In 1932, in an attempt to put quantum theory into a new algebraic setting, Jordan tried to establish the basic rules satisfied in the matrix interpretation of quantum theory. He published these ideas in Über die Multiplikation quantenmechanischer Gröβen Ⓣ (1934) and convinced John von Neumann and Eugene Wigner that these were significant ideas. Jordan, von Neumann and Wigner published their joint ideas on this in the three-author paper On the algebraic generalization of the quantum mechanical formalism (1934). With his approach, Jordan had introduced what today are called Jordan algebras. For more details see THIS LINK.
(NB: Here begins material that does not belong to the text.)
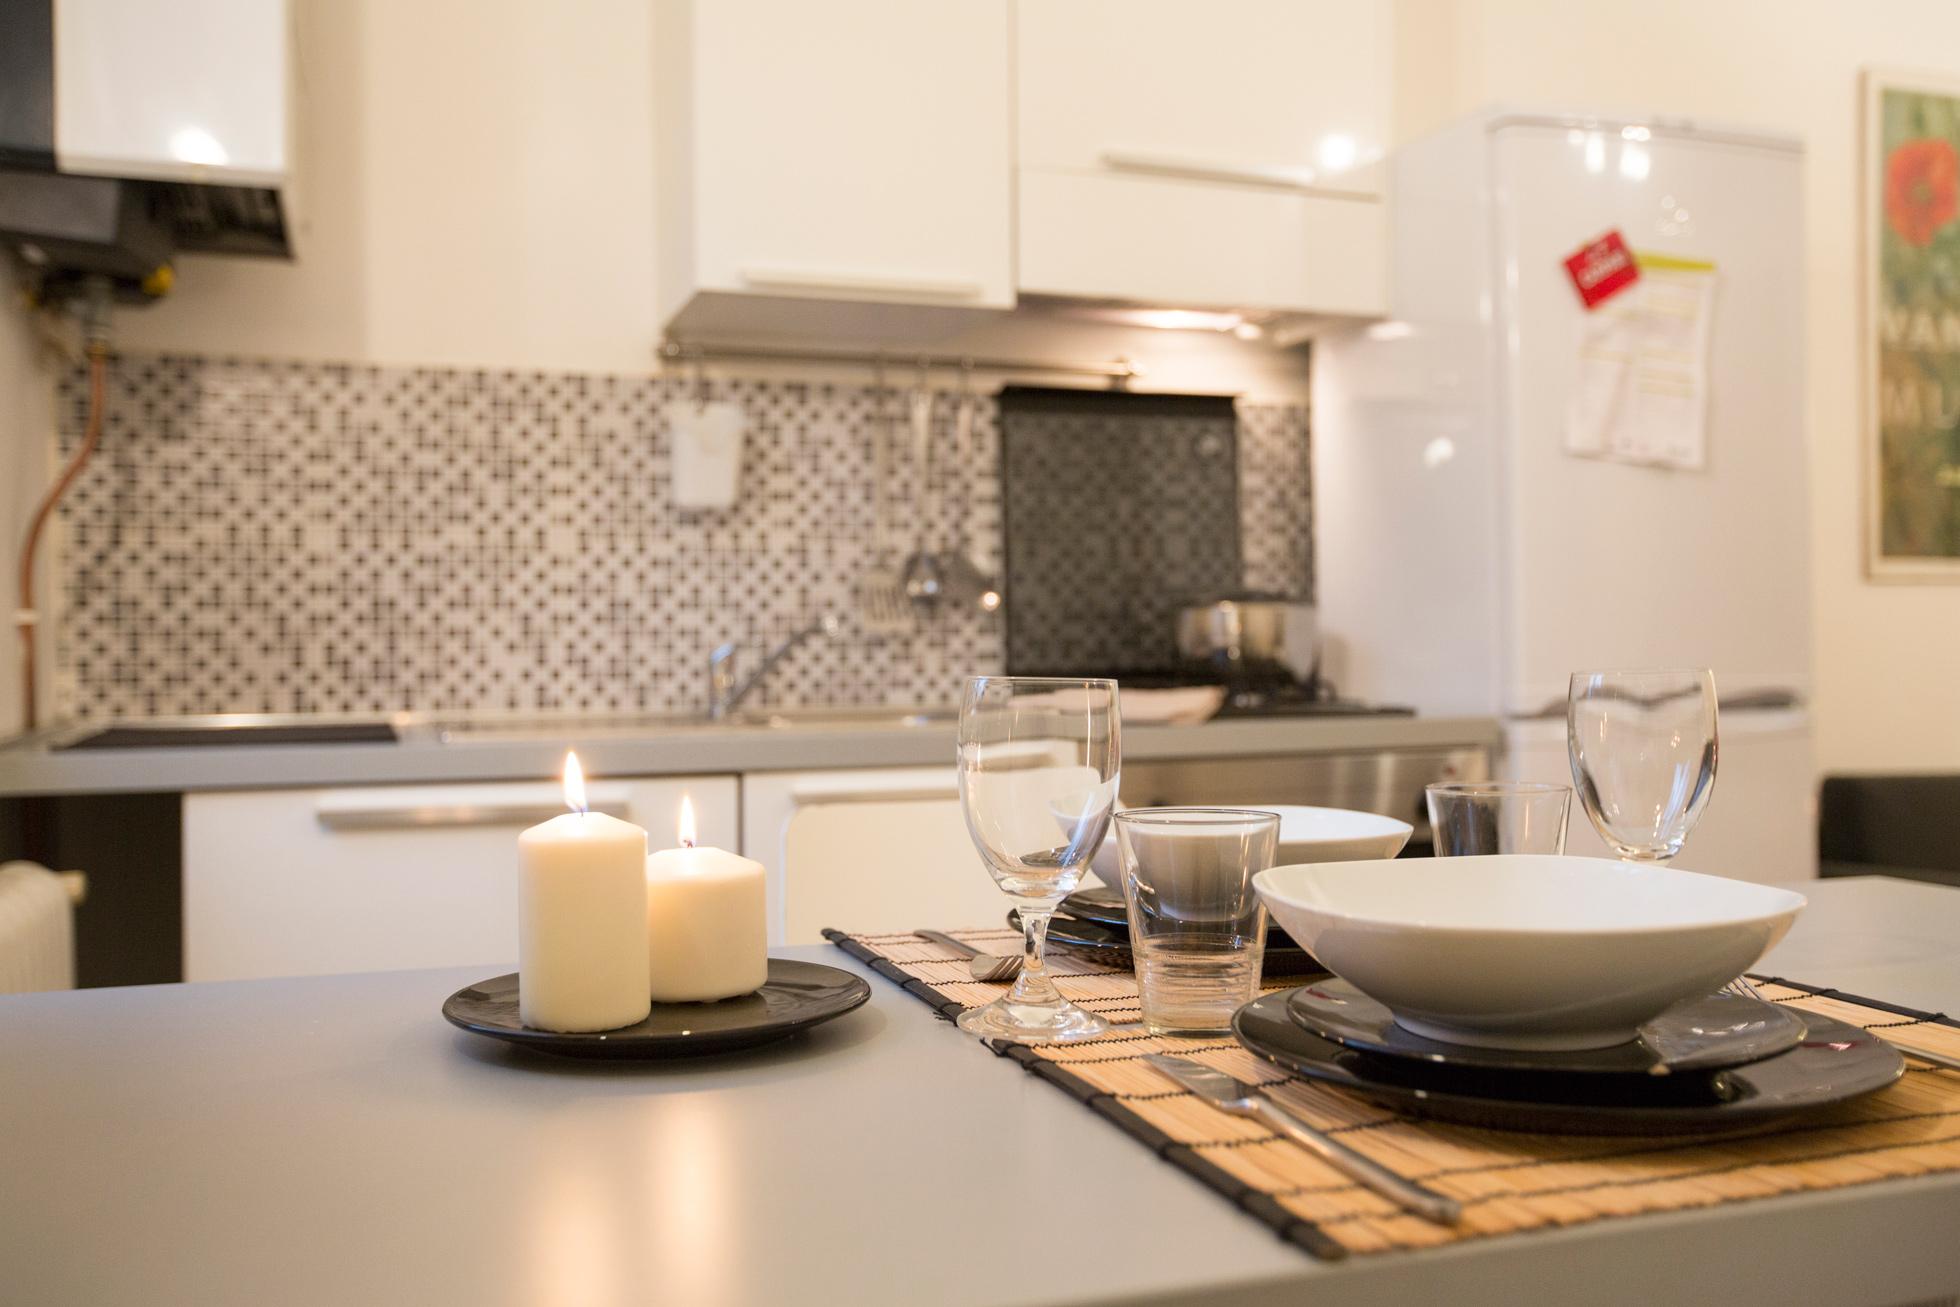 cucina-dettaglio2

Jordan was, as we have seen, one of the main contributors to the development of quantum theory. However, he never achieved the recognition for this that others, whose contributions appeared to be less, received. Most now believe that this was due to Jordan's political views and his support for the Nazi party. We must therefore look at this aspect of Jordan's life, partly out of interest, but also partly because of its connection with his scientific and mathematical views. Jordan's undergraduate years saw him in Göttingen at a time when most of his fellow students were feeling very hard done by because of the impact on Germany of the severe financial burdens imposed by the Allies following World War I. Jordan's views, however, went far beyond those of most of his fellow students. From the late 1920s he was publishing articles with extreme far-right political views under the pseudonym Ernst Domeier. The fact that he published these anonymously certainly shows that, at that stage, he wanted to keep his political views separate from his scientific work. We present a short quote from an article that Jordan wrote in 1930 under the name Ernst Domeier:-
Since 1918 ... instead of a subject we are an object of world politics ... All those who have anything to do with the government of our Reich ... must be inwardly filled with feelings which result with law-like necessity from the pressing sensation of powerless dependence .... Inferiority complexes create the necessity of a compensation at any price. ... Bureaucratic pomposity and bureaucrats' terrorizing of their own peoples produce the needed compensation.In addition he being a German nationalist, he was very anti-Communist and viewed the rise of the Soviet Union as a major danger to the world. These views, of course, made him an easy target for the Nazi propaganda and indeed he joined the Nazi party in 1933, the year Hitler came to power. Things, however, are not quite as simple as they might appear and one must not think that because Jordan was a staunch and enthusiastic Nazi supporter, he believed in all the Nazi policies. For example, Jordan wrote the book Physikalisches Denken in der neuen Zeit Ⓣ which was published in 1935. This book contains an attack on Ludwig Bieberbach's idea of 'Deutsche Mathematik' although Jordan does not mention Bieberbach by name.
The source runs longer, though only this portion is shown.